Mukesh Khanna's trajectory is, if anything, even more instructive. His attacks on Raina were themselves widely mocked — the "donkey parade" imagery was treated as unintentional comedy by much of the internet, and his eventual appearance in a commercial with Raina was read as proof that moral outrage in India's entertainment world has a predictably short shelf-life when opportunity presents itself. Whether that reading is fair to Khanna is almost beside the point. The pattern is the story.
What Happens Next
The central question now is whether India's Got Latent Season 2 can separate itself from the shadow of Season 1's implosion, or whether it will lean into it. Early signals suggest the latter: the show's promotional material has not shied away from the controversy, and Raina's own comments in Still Alive suggest he views the chaos as an asset rather than a liability. The Season 2 production upgrade — from local stages to a large theatrical studio — indicates that at minimum, the show arrives with more infrastructure than before.

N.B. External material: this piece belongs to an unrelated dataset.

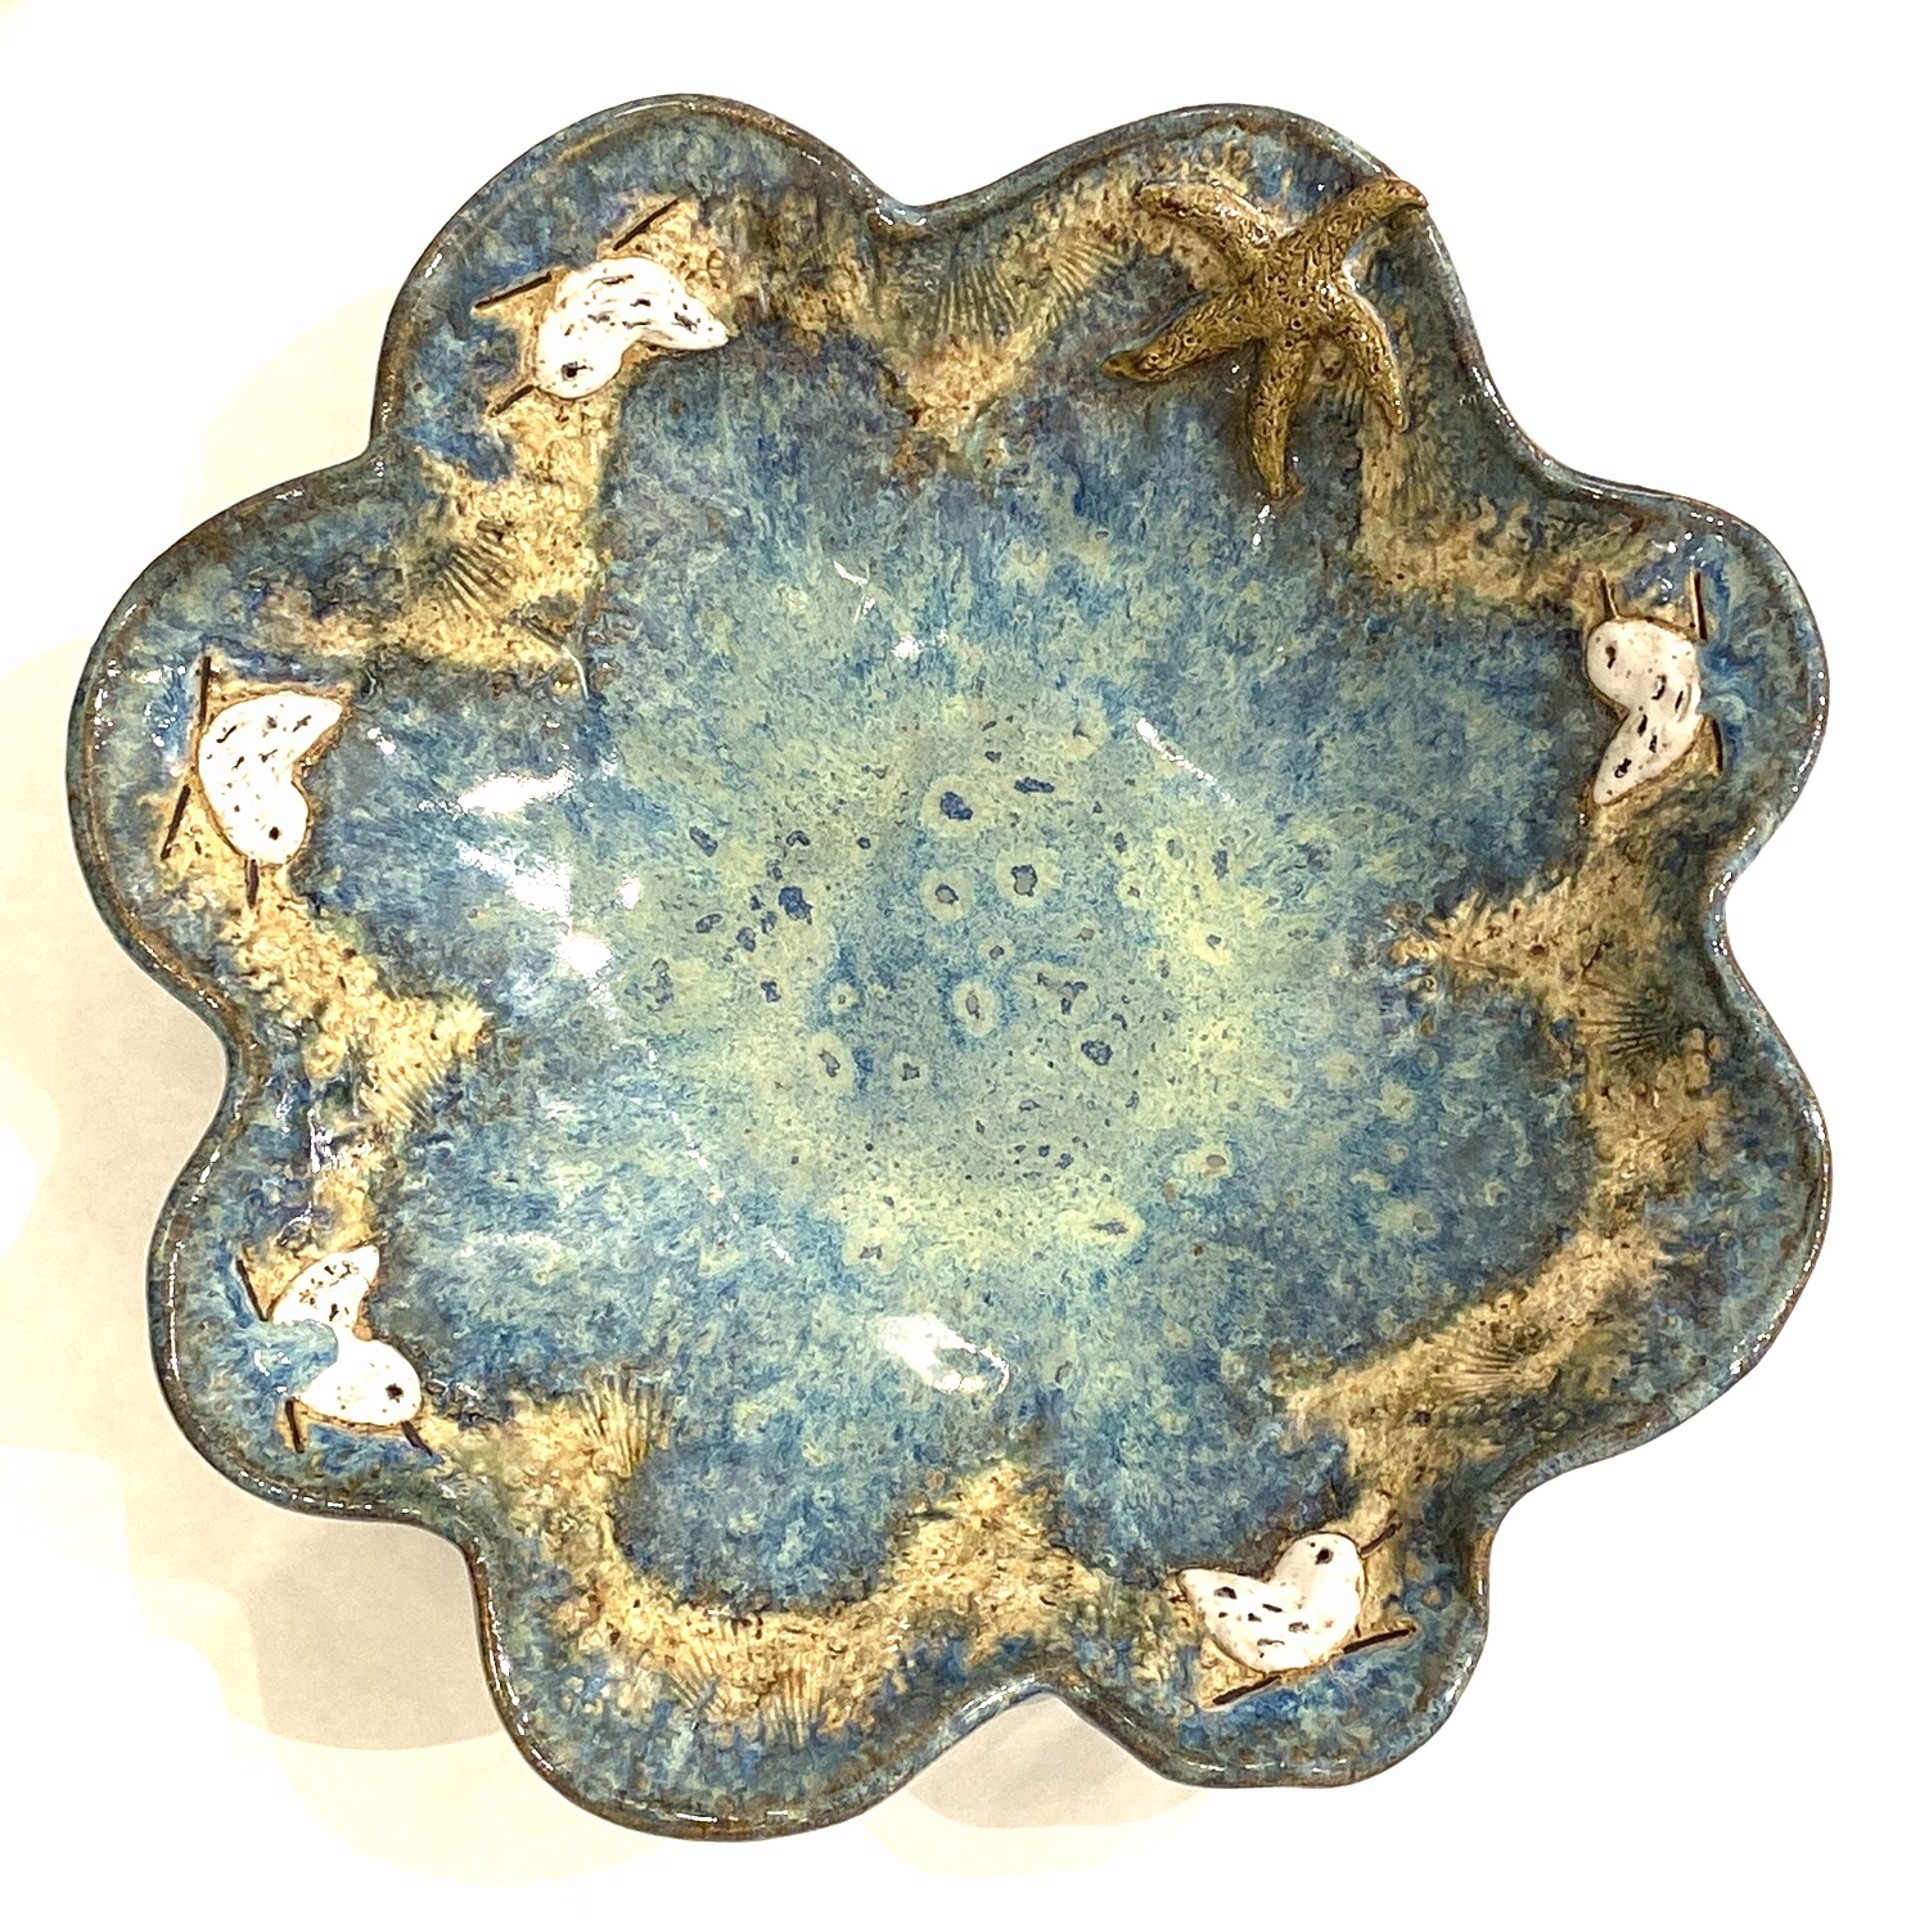 Five Sandpipers and Starfish Bowl (Blue Glaze) by Jim & Steffi Logan
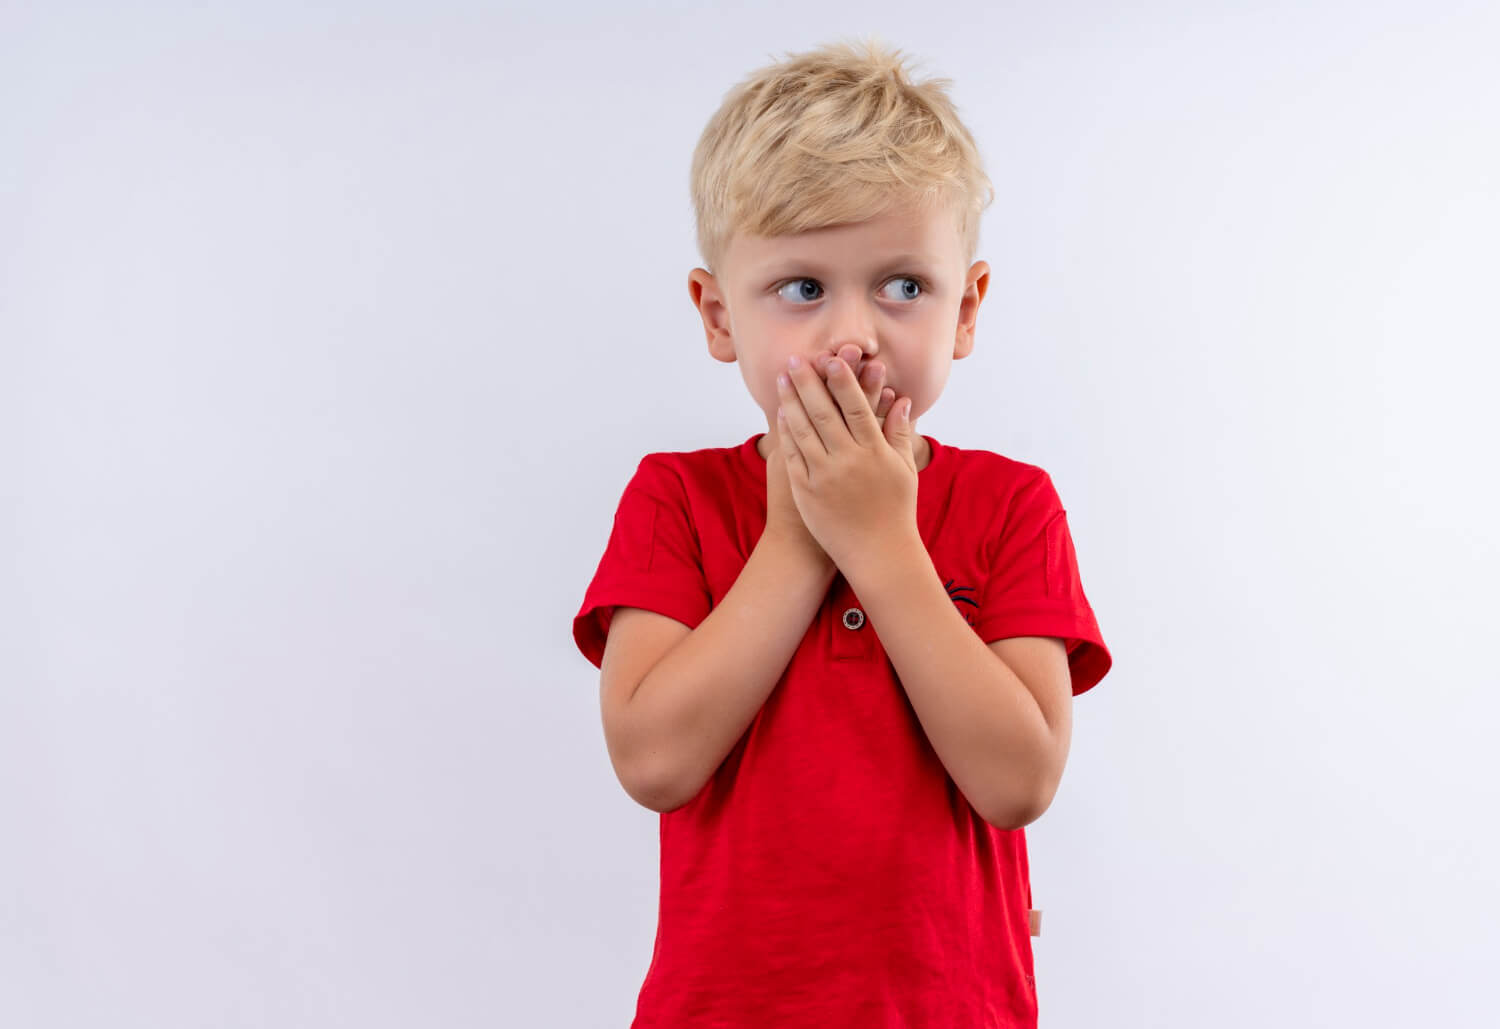 A child looking out of the corner of his eyes and covering his mouth with both hands.

The Netflix partnership, however, introduces a new variable. YouTube's content moderation and Netflix's standards are not identical, and the addition of a major global platform as co-distributor will inevitably place fresh constraints on the kind of unfiltered content that made IGL famous in the first place. Whether Raina can maintain the show's anarchic energy within those parameters is the genuine creative challenge of Season 2 — and one that no amount of controversy management can resolve for him in advance.
As for Mukesh Khanna and Samay Raina: neither has spoken about what the commercial actually means. Perhaps that silence is the most honest statement either could make. In an industry where opinions travel faster than consequences, a shared frame is sometimes the loudest declaration of all.